Since equine lordosis is effectively benign, little study has been placed into its origins. It’s thought to be caused by a lack of development in the upper thoracic vertebrae, which in turn causes the rest of the spine to overextend.

The condition, to be sure, can cause some discomfort to the horse if it’s sufficiently severe. If you intend to ride a swaybacked horse, then be sure to pay special attention to the fit of the saddle. Some exercises, particularly of the abdominal muscles, may also prove effective.

Hock Lameness

This is a condition which sees the horse’s hocks slowly deteriorate. The hocks are what transmits the power from the lower leg into the floor, and if they cease to function properly, the horse will find itself unable to drive forward from their hind legs. Small, tight corners will become impossible, as will jumping. The condition tends to come about only very gradually; a horse might need a little time to ‘warm up’ before it gets moving, and it might begin to use its lower back muscles more to take the strain off the hocks.

For horses suffering from this problem, it’s important to manage the training program in order to halt a degenerative spiral. Where symptoms occur, they should be treated with anti-inflammatory drugs, and the horse should be gradually returned to work.

Ringbone

This is a condition which occurs on the pastern or coffin joints of a horse. It’s characterised by the formation of new bone, which encircles the old one. It has many causes, including tension on the ligaments, injury to the horse, a lack of proper shoeing, and arthritis.
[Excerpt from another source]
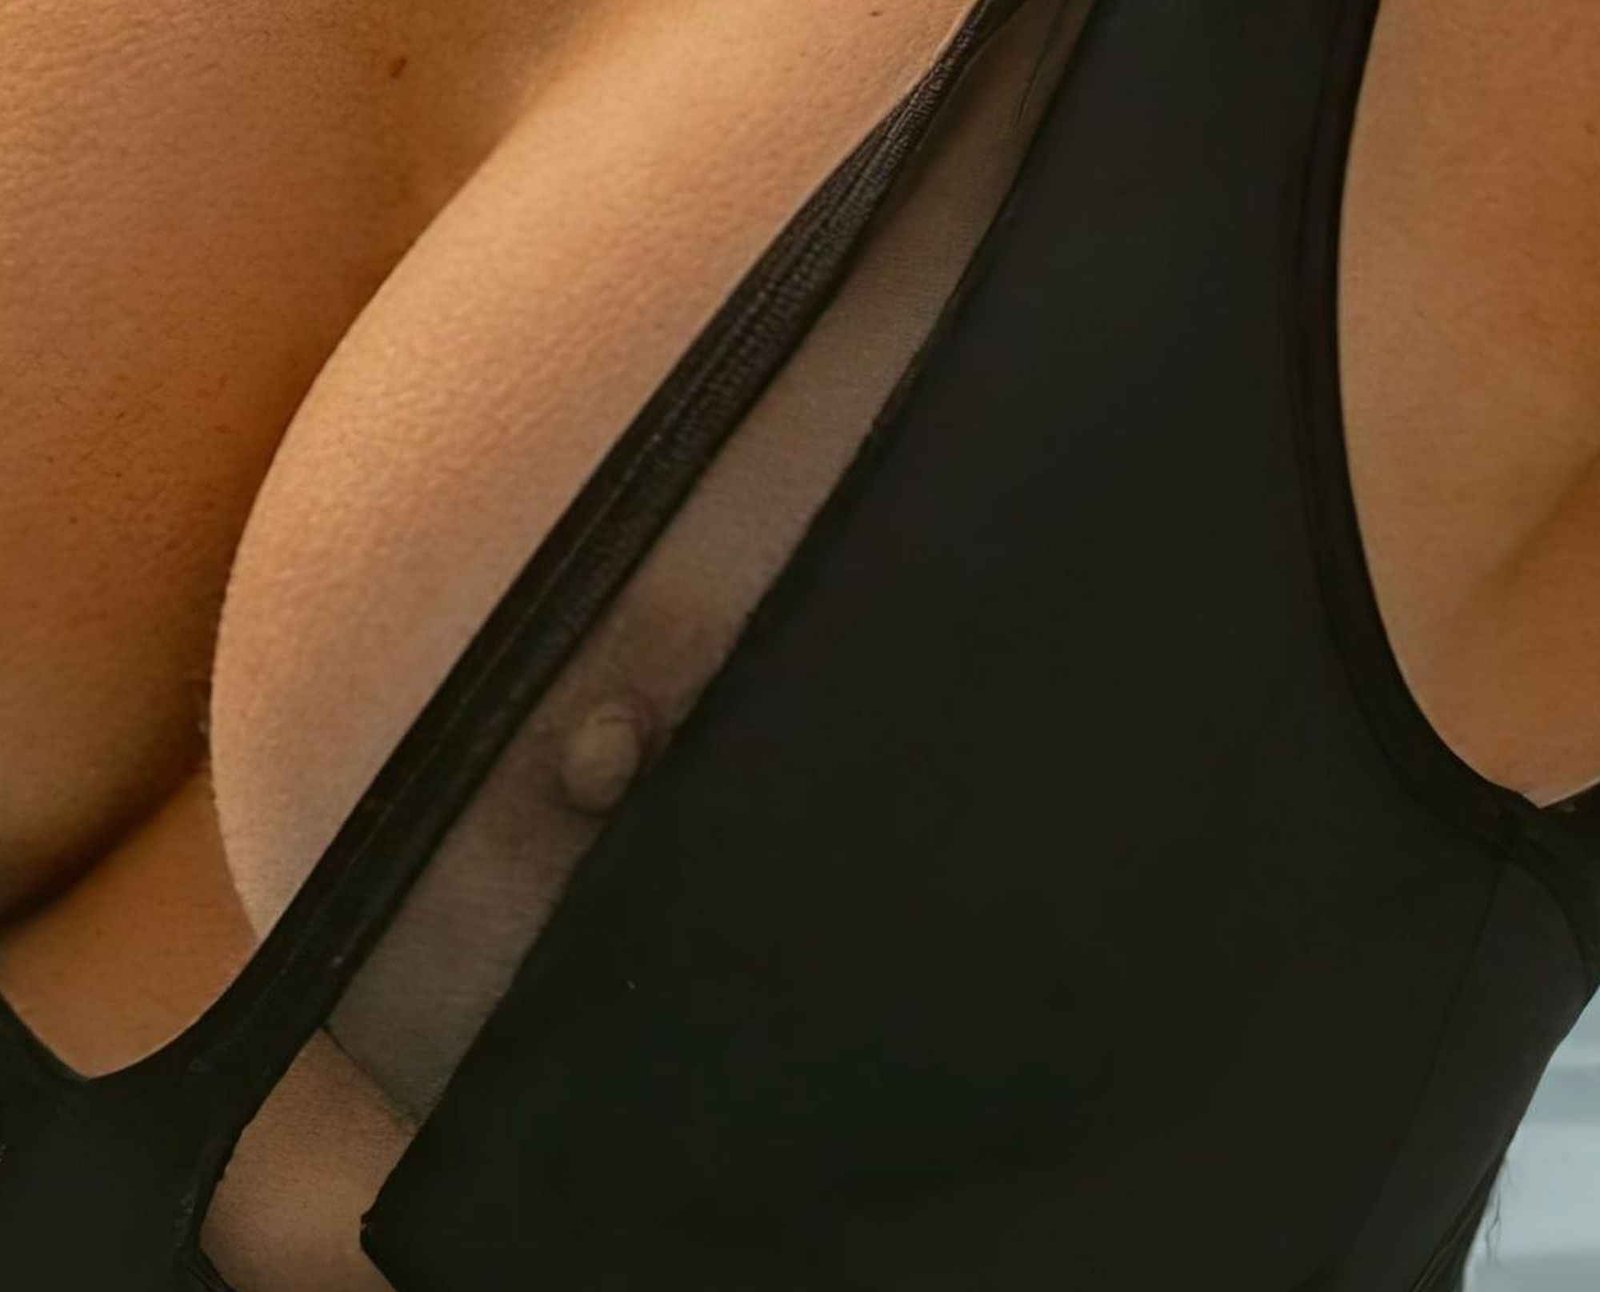 Kara Del Toro dans un maillot de bain qui laisse voir ses seins nus

Ringbone gets progressively worse over time, and has no cure. The best that can be done is to manage the symptoms, and prevent it from occurring in the first place. This can be done using anti-inflammatory drugs, and by injecting special acids into the joint. Depending on how close the ringbone is to a joint, it might eventually inhibit the horse’s ability to move. If a horse is performing intense work, or competing a show level, then its performance will certainly suffer as the condition worsens. Such horses should be moved to less intensive work, in order to ensure that the effected bones are not constantly stressed.